【Mr.Children シフクノオト】10thアルバムの楽曲レビュー|知ってる曲が多すぎたアルバム

【Mr.Children シフクノオト】10thアルバムの楽曲レビュー|知ってる曲が多すぎたアルバム

コアなミスチルファンの私が全アルバムレビューする企画第10弾!

今回は10枚目のアルバム「シフクノオト」を紹介します。

Mr.Children 10thアルバム「シフクノオト」について

10枚目のアルバム「シフクノオト」の2004年4月7日に発売されました。

前作の「IT’S A WONDERFUL WORLD」から約2年くらい間が空いていますが、この間にボーカルの桜井さんが小脳梗塞で倒れるといったこともありました。

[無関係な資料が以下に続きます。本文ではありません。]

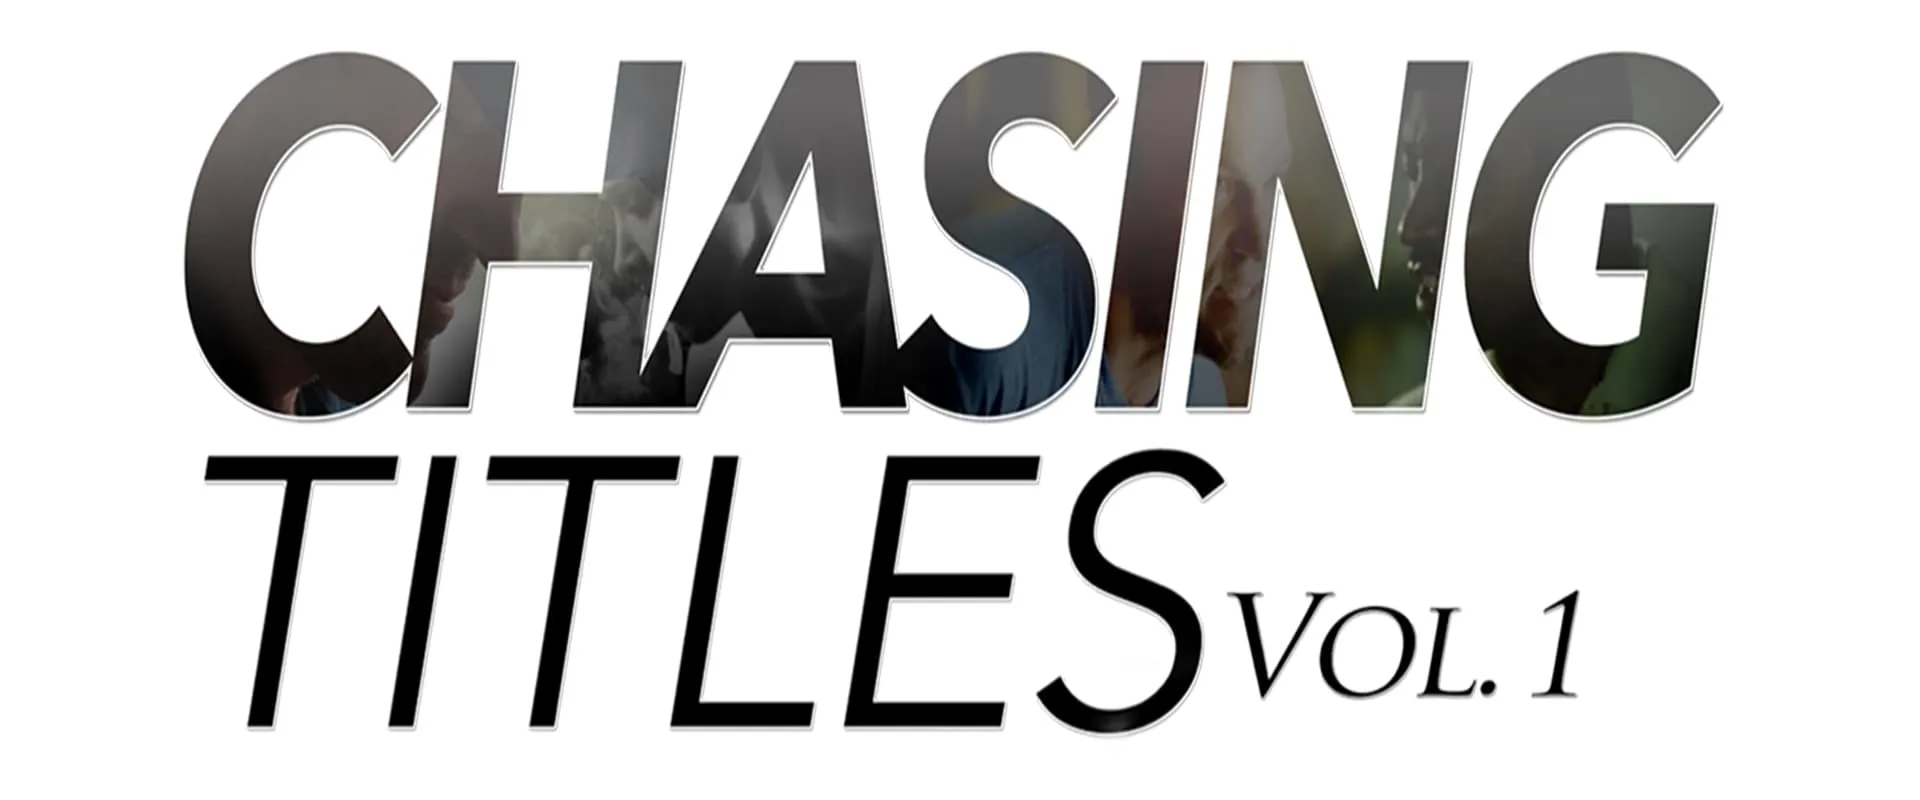 Chasing Titles Vol. 1 (2017)

何事もなく復帰して、現在まで活動されているのはファンとしては本当にありがたいことですね。

 

さて、このアルバムタイトル「シフクノオト」には至福の音、私服の音、至福ノート(ノートは音符のこと)など様々な意味が込められているようです。

前作のようなコンセプトがあるアルバムではなく、色んな音が楽しめるといった感じのアルバムですね。

収録曲は以下の通りです。

 

01. 言わせてみてぇもんだ
02. PADDLE
03. 掌
04. くるみ
05. 花言葉
06. Pink~奇妙な夢
07. 血の管
08. 空風の帰り道
09. Any
10. 天頂バス
11. タガタメ
12. HERO

 

収録されているシングル曲は「Any」「HERO」「掌」「くるみ」とかなり多く、これ以外にもアルバム発売前にCMなどで公開されていた曲も沢山ありました。

そのため、アルバムで初公開になった楽曲は12曲中、たった4曲しかありません。

 

私は当時大学4年生で、このCDを購入する時に初めてネット通販(Amazon)を利用したような気がします。

このアルバムは初回特典として、インタビューやレコーディングの様子が収録されたDVDが付属していました。

製作途中で別の歌詞で歌っているシーンがあったり、普段聞けない桜井さん以外の3人のインタビューがあったりと、今でも結構貴重なDVDだと思います。

「シフクノオト」全曲レビュー

01. 言わせてみてぇもんだ

なんて言ったから良いのか…よく分からない曲。

歌詞は平凡な男が自分を必要だって「言わせてみてぇもんだ」という内容です。

なかなか自分のことを必要とされない(就職も進学もパッとしなかった)当時の私にはタイムリーな歌詞でした。

02. PADDLE

前作の「蘇生」を思い出すような前向きで明るい曲。

タイトルの「PADDLE」とはサーフィンのパドリングのことで、沖に向かう時にボードに寝そべって泳ぐこと。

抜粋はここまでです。